Department of Ophthalmology, Ilsan Paik hospital, Inje University, Goyang, Korea
Fifty eyes of 46 patients who had underwent pterygium excision were divided into two groups by size and area of the pterygium (small pterygium group: size ?2.0mm or area ?7.0mm2, large pterygium group: size >2.0mm or area >7.0 mm2). We measured the size of the pterygium by performing the preoperative slit lamp examination and measured the area of the pterygium by using the Image J program. Corneal topographic images using Orbscan II(Bausch & Lomb, Berlin, Germany) and Corneal HOAs using wavefront aberrometer (KR-1W®, Hartmann-Shack aberrometer, Topcon inc., Japan) were evaluated before surgery and also monitored its change after excision at postoperative 1week, 1month and 3months.
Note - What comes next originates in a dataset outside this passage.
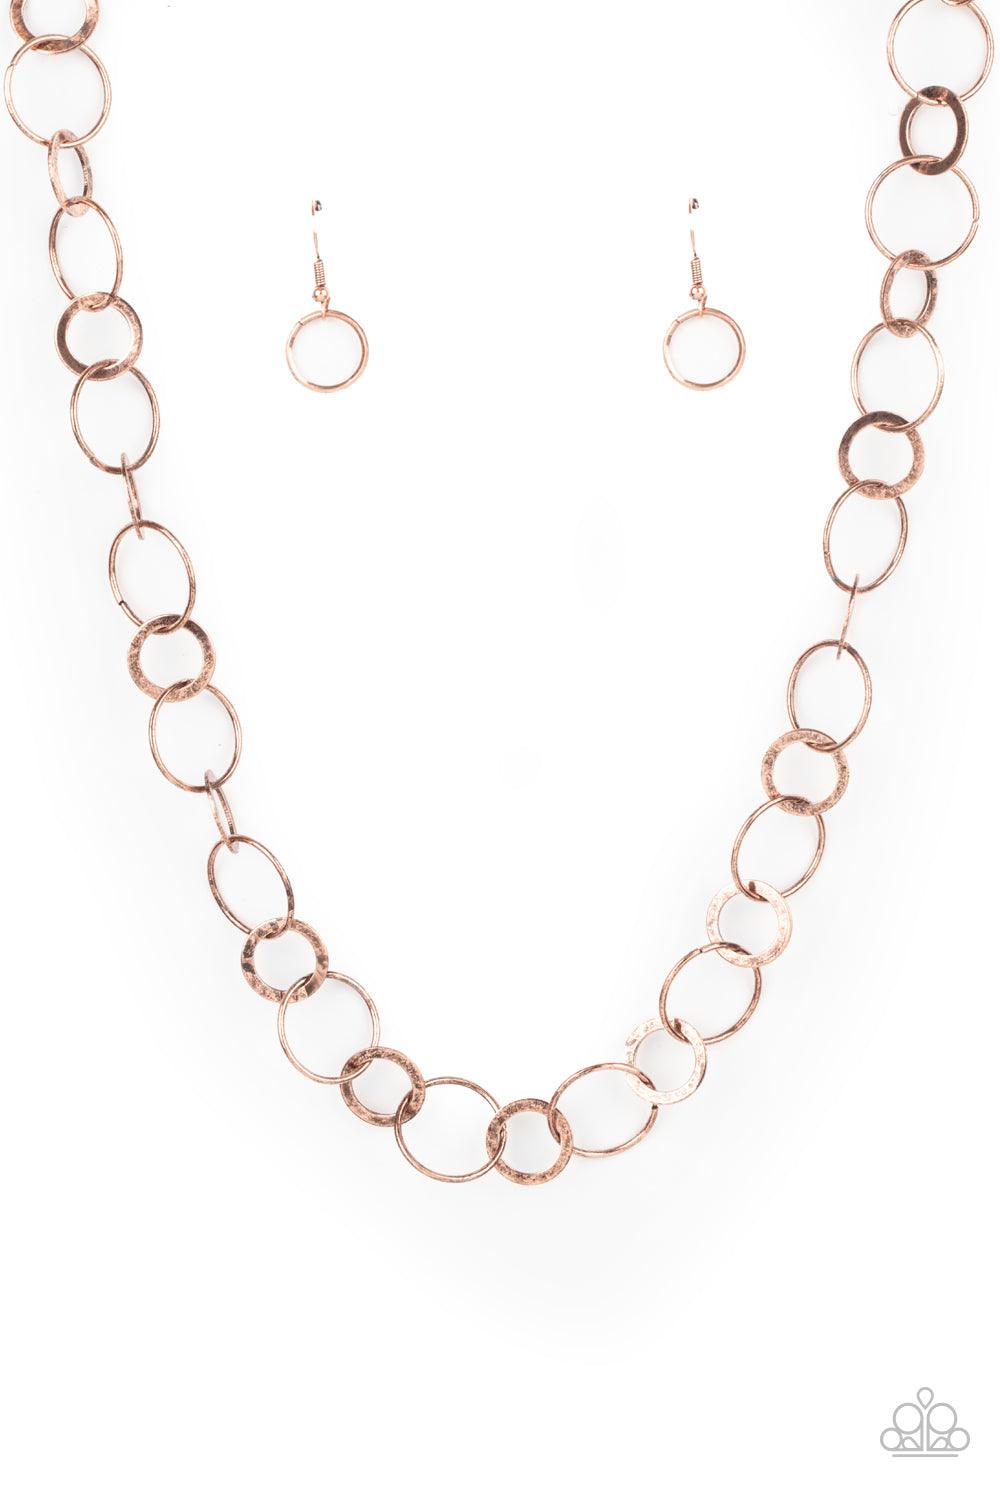 Paparazzi Accessories Revolutionary Radiance - Copper Dainty copper hoops and rustic rings delicately link into a chic chain, creating simplistic shimmer below the collar. Features an adjustable clasp closure. Sold as one individual necklace. Includes one

Small pterygium group was comprised of 13eyes and 37eyes were included to large pterygium group. There were no statistically significant differences in BCVA between two groups before and 3months after excision. Preoperative simulated keratometry astigmatism, 3-mm irregularity and 5-mm irregularity of large pterygium group were statistically significantly high compared with those of small pterygium group (P<0.001, P<0.001 and P=0.001, respectively). In terms of the effect of pterygium excision, small pterygium group showed no difference in simulated keratometry astigmatism before and after excision. In large pterygium group, simulated keratometry astigmatism was statistically significantly decreased 1week, 1month and 3months after surgery (P=0.015, P=0.005 and P=0.002, respectively). Preoperative corneal HOAs values of large pterygium group were significantly higher than those of small pterygium group (4-mm optical zone Total: P<0.001; trefoil: P<0.001; coma: P=0.048, 6-mm optical zone Total: P<0.001; trefoil: P<0.001; coma: P=0.036) but values of spherical aberration were not different. In small pterygium group, Root Mean Square(RMS) values of corneal HOAs before and after excision was not different. In large pterygium group, RMS values of corneal total HOAs, trefoil, coma and Point Spread Function(PSF) in the 4-mm & 6-mm zone were statistically significantly decreased 1week, 1month and 3months after surgery respectively(P<0.05).
In case of concurrent pterygium and cataract, precedent pterygium excision before cataract surgery may be useful to improve visual quality and select precise IOL power especially in eyes with pterygium of larger than 2.0mm in size or 7.0 mm2 in area.